[<prev] [next>] [<thread-prev] [thread-next>] [day] [month] [year] [list]
Message-ID: <e6cb92be01af6190350b9b3765bee6e3@nuclearcat.com>
Date: Thu, 28 Jul 2016 14:28:23 +0300
From: Denys Fedoryshchenko <nuclearcat@...learcat.com>
To: Guillaume Nault <g.nault@...halink.fr>
Cc: Cong Wang <xiyou.wangcong@...il.com>,
Linux Kernel Network Developers <netdev@...r.kernel.org>
Subject: Re: 4.6.3, pppoe + shaper workload, skb_panic / skb_push /
ppp_start_xmit
On 2016-07-28 14:09, Guillaume Nault wrote:
> On Tue, Jul 12, 2016 at 10:31:18AM -0700, Cong Wang wrote:
>> On Mon, Jul 11, 2016 at 12:45 PM, <nuclearcat@...learcat.com> wrote:
>> > Hi
>> >
>> > On latest kernel i noticed kernel panic happening 1-2 times per day. It is
>> > also happening on older kernel (at least 4.5.3).
>> >
>> ...
>> > [42916.426463] Call Trace:
>> > [42916.426658] <IRQ>
>> >
>> > [42916.426719] [<ffffffff81843786>] skb_push+0x36/0x37
>> > [42916.427111] [<ffffffffa00e8ce5>] ppp_start_xmit+0x10f/0x150
>> > [ppp_generic]
>> > [42916.427314] [<ffffffff81853467>] dev_hard_start_xmit+0x25a/0x2d3
>> > [42916.427516] [<ffffffff818530f2>] ?

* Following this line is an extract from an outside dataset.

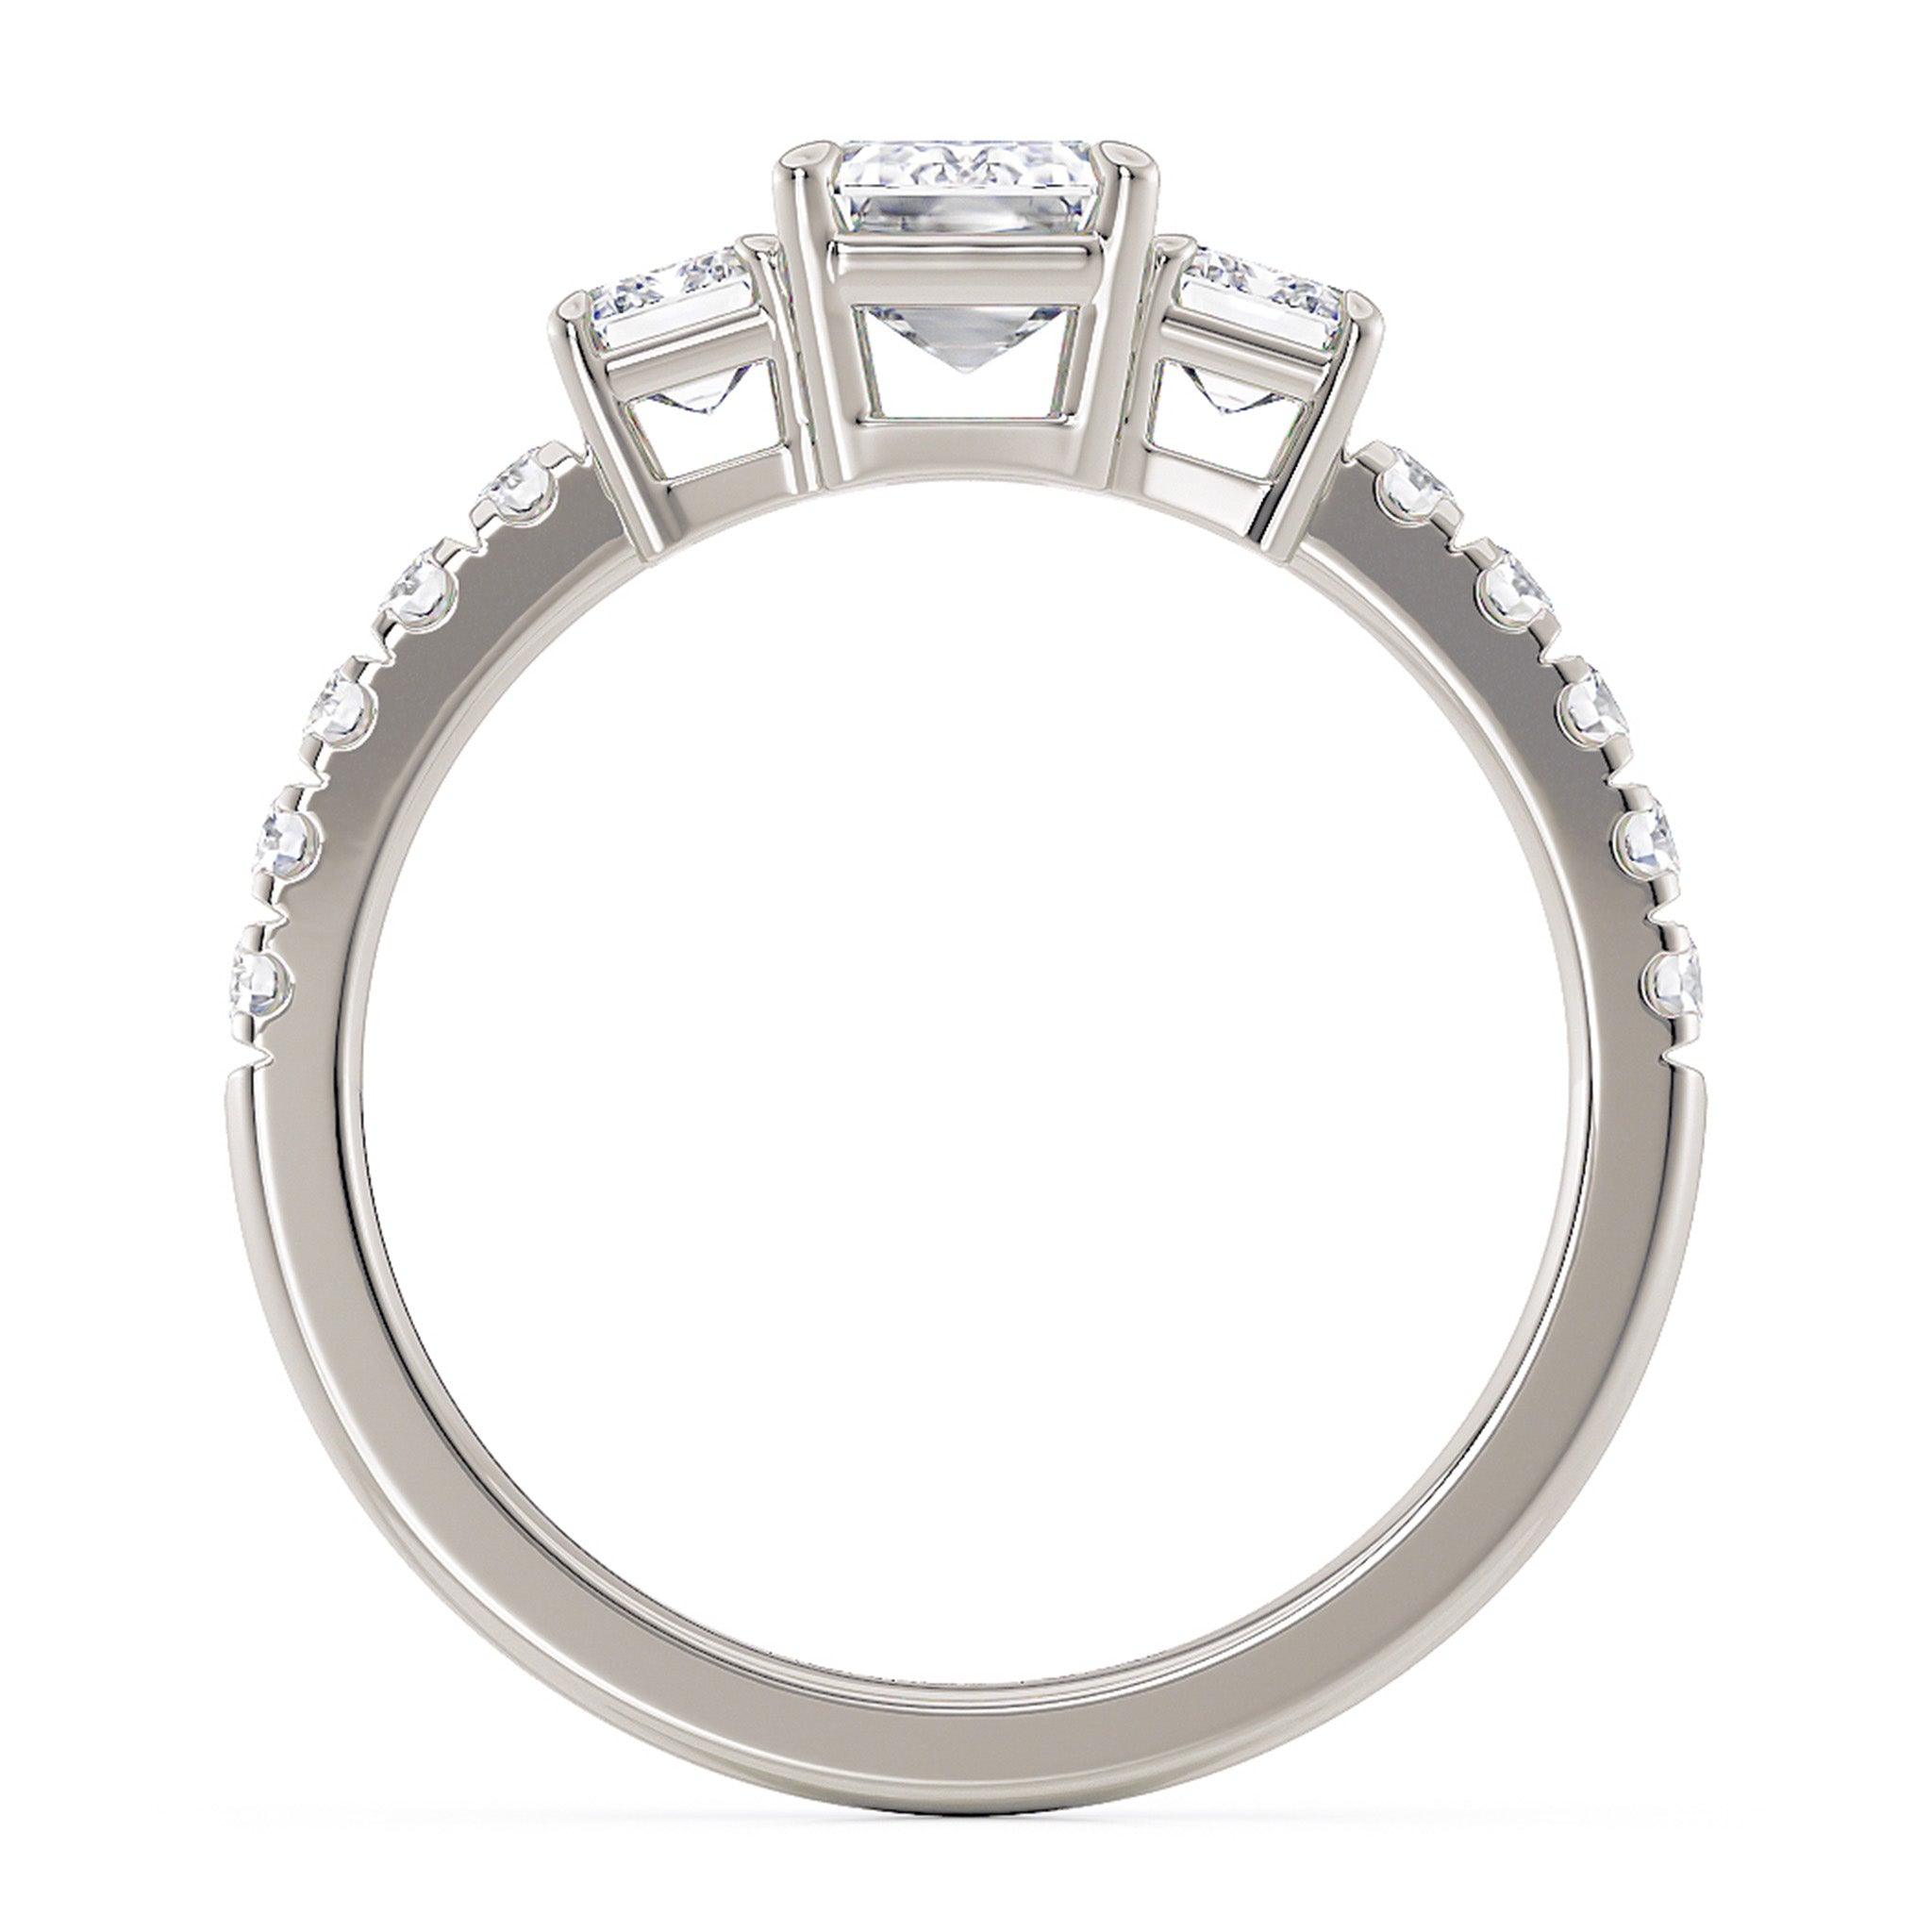 Aspen Emerald Cut Diamond Trilogy Ring with Diamonds on the Band - Monroe Yorke Diamonds
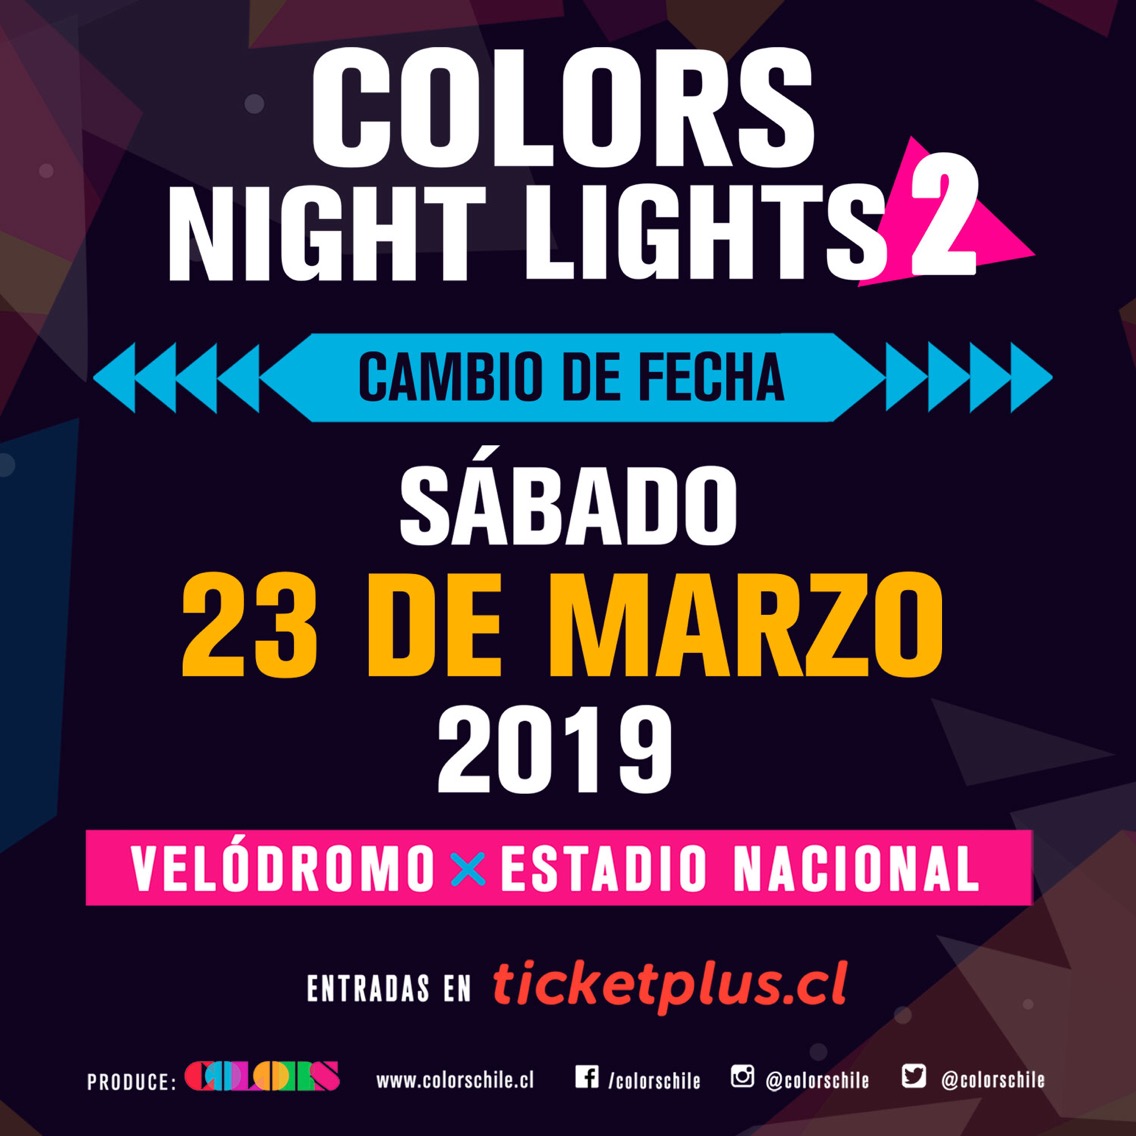 Colors Night Lights 2

>> > validate_xmit_skb.isra.107.part.108+0x11d/0x238
>> > [42916.427858] [<ffffffff8186dee3>] sch_direct_xmit+0x89/0x1b5
>> > [42916.428060] [<ffffffff8186e142>] __qdisc_run+0x133/0x170
>> > [42916.428261] [<ffffffff81850034>] net_tx_action+0xe3/0x148
>> > [42916.428462] [<ffffffff810c401a>] __do_softirq+0xb9/0x1a9
>> > [42916.428663] [<ffffffff810c4251>] irq_exit+0x37/0x7c
>> > [42916.428862] [<ffffffff8102b8f7>] smp_apic_timer_interrupt+0x3d/0x48
>> > [42916.429063] [<ffffffff818cb15c>] apic_timer_interrupt+0x7c/0x90
>>
>> Interesting, we call a skb_cow_head() before skb_push() in
>> ppp_start_xmit(),
>> I have no idea why this could happen.
>>
> The skb is corrupted: head is at ffff8800b0bf2800 while data is at
> ffa00500b0bf284c.
>
> Figuring out how this corruption happened is going to be hard without a
> way to reproduce the problem.
>
> Denys, can you confirm you're using a vanilla kernel?
> Also I guess the ppp devices and tc settings are handled by accel-ppp.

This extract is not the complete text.